Evensong at Manchester Cathedral attracts a disparate crowd. There are people you wouldn’t expect, like a young mother, all blonde highlights and dry shampoo. Several older couples. A younger man, in jeans and a tweed jacket, with a rucksack at his feet. The air smells mildly of disinfectant, and I look around, as writers do, avoiding eye contact and making mental notes.
The cathedral is old and beautiful, a brooding mass of stone and slab, arch and point. It sits, a great Gothic hulk, amongst the gleam of modern Manchester, not far from Victoria station. It is a landmark and, during the pandemic, provided somewhere to head during my long and pointless lockdown-busting walks around the anaesthetised city. Naturally, I started going in. The epic space and the vast, numinal nave roof called me back.
I am one of many Millennials who, if not reconnecting with Christianity, are disconnecting from the brutal nihilism of the modern world. Church attendance amongst the under 40s is on the rise. A good chunk of those young men and women don’t even describe themselves as believers. Belief, I think, is almost irrelevant. Twitter and the twenty-four hour news-cycle is no place for a creature with a soul.
“Aha!” chimes in Professor Alice Roberts, and the various self-styled “humanists” who have spoken so regularly and listened so rarely in recent years: “There is no evidence people have souls.”

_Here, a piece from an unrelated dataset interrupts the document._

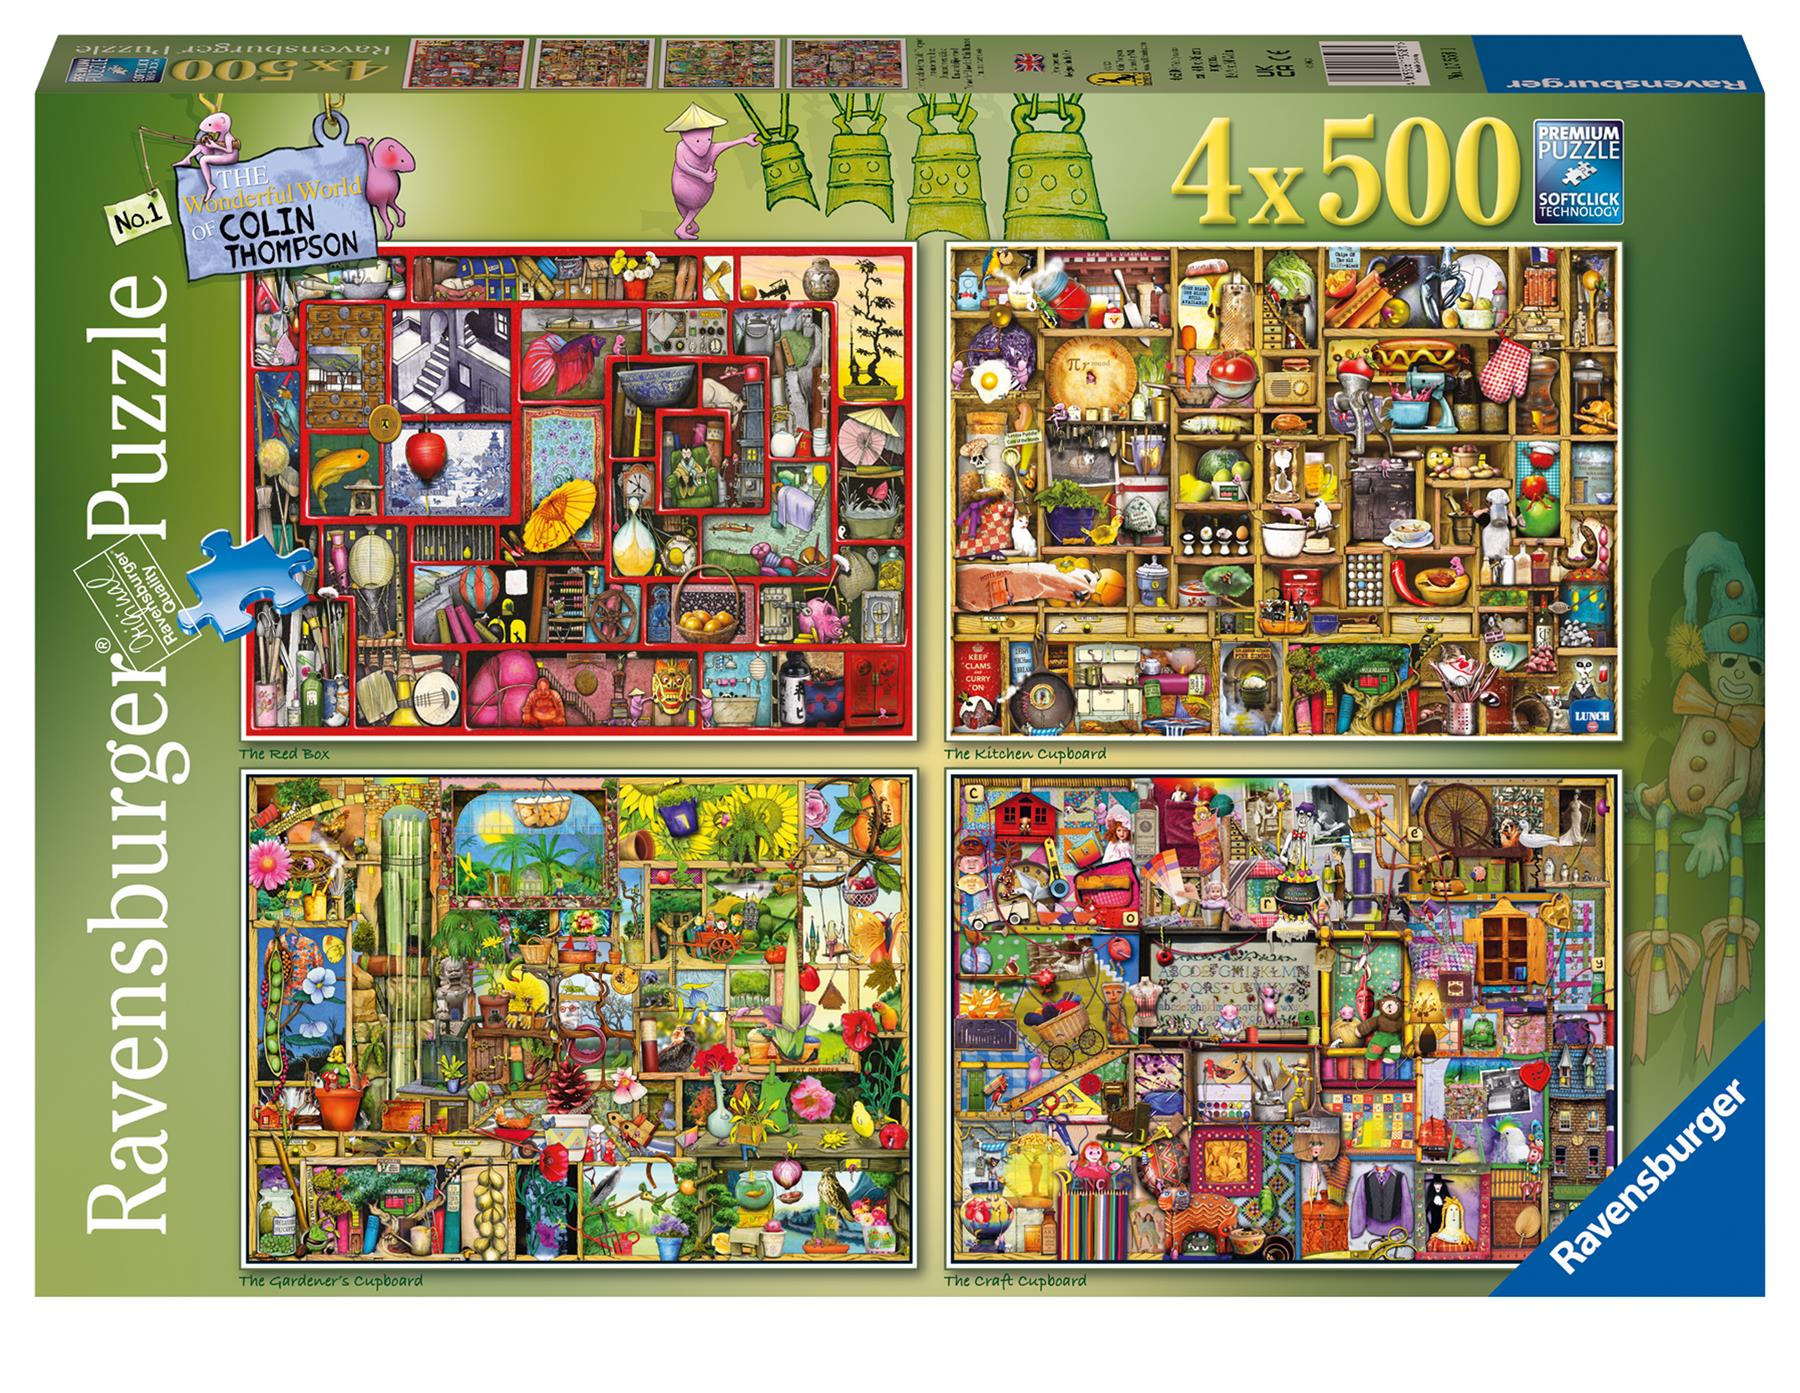 Ravensburger Classic Disney Puzzles for Adults and Children Aged 10 Years  Up - 2 x 500 Pieces [ Exclusive]

That is bollocks, of course. We are all more than a mere mass of chemicals. Every maladroit teenage declaration, every fretful sleepless night, and every group of mates laughing in a pub at a salty, unrepeatable joke is proof of that. There is no need, on this issue, to “trust the science”. I don’t care about the science. We’ve spent two years trusting the science, and created a car crash of suffering unheard of in peacetime.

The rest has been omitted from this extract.